In the 1990s, the City and County of Honolulu undertook a multi-phase project to formalize the promenade as a pedestrian and bicycle corridor. The first major phase coincided with the construction of the Hawaii Convention Center, completed in 1998. Landscape architecture firm Walters, Kimura, Motoda (WKM) designed a 16-foot-wide terraced walkway using interlocking pavers, integrated with lighting, benches, bike racks, and a grand stair linking the Convention Center to the canal.

== Design and features ==

The promenade features a linear layout along the Ala Wai Canal, running approximately from Ala Moana Boulevard near the Ala Moana Hotel to the McCully Street bridge. The park is shaded by mature banyan trees on both sides of the path, creating a tunnel-like canopy over portions of the walkway. Hardscape elements reflect traditional Hawaiian motifs, and the site incorporates sustainable materials such as recycled plastic benches.

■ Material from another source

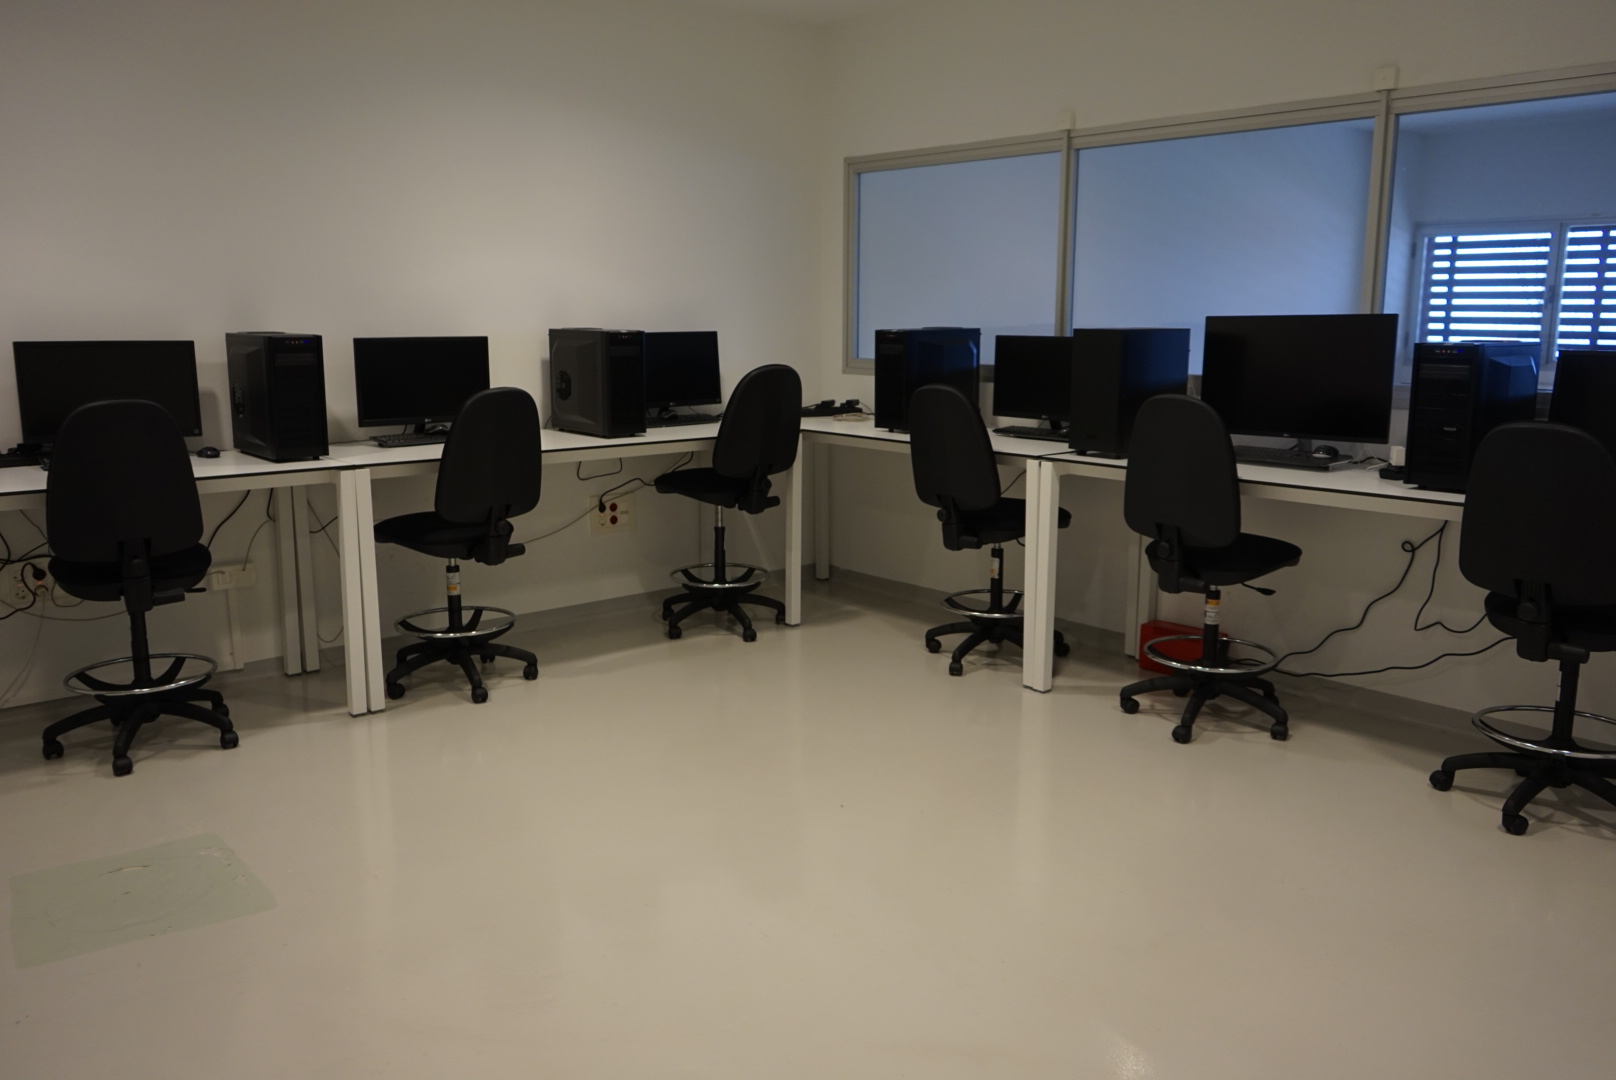 Common computers Laboratory 26

The promenade provides continuous access for pedestrians and cyclists, functioning as part of Honolulu’s broader multi-use trail and green infrastructure system. Its location near key destinations such as Waikīkī, Ala Moana Center, and various residential areas makes it a valuable connector for non-motorized mobility.

The promenade is used daily by walkers, joggers, and cyclists, and also serves as a venue for cultural and civic events.

== Environmental context ==
The Ala Wai Promenade borders the Ala Wai Canal, a man-made waterway historically used to manage drainage for the surrounding urban area. Over time, the canal has become one of the most polluted waterways in Hawaii due to sediment, runoff, and limited water circulation. Various public and academic initiatives have examined the canal's ecological health and proposed restoration strategies.

The promenade lies within the larger Ala Wai Watershed, and environmental planning for the region frequently includes considerations for green infrastructure, climate resilience, and improved stormwater management.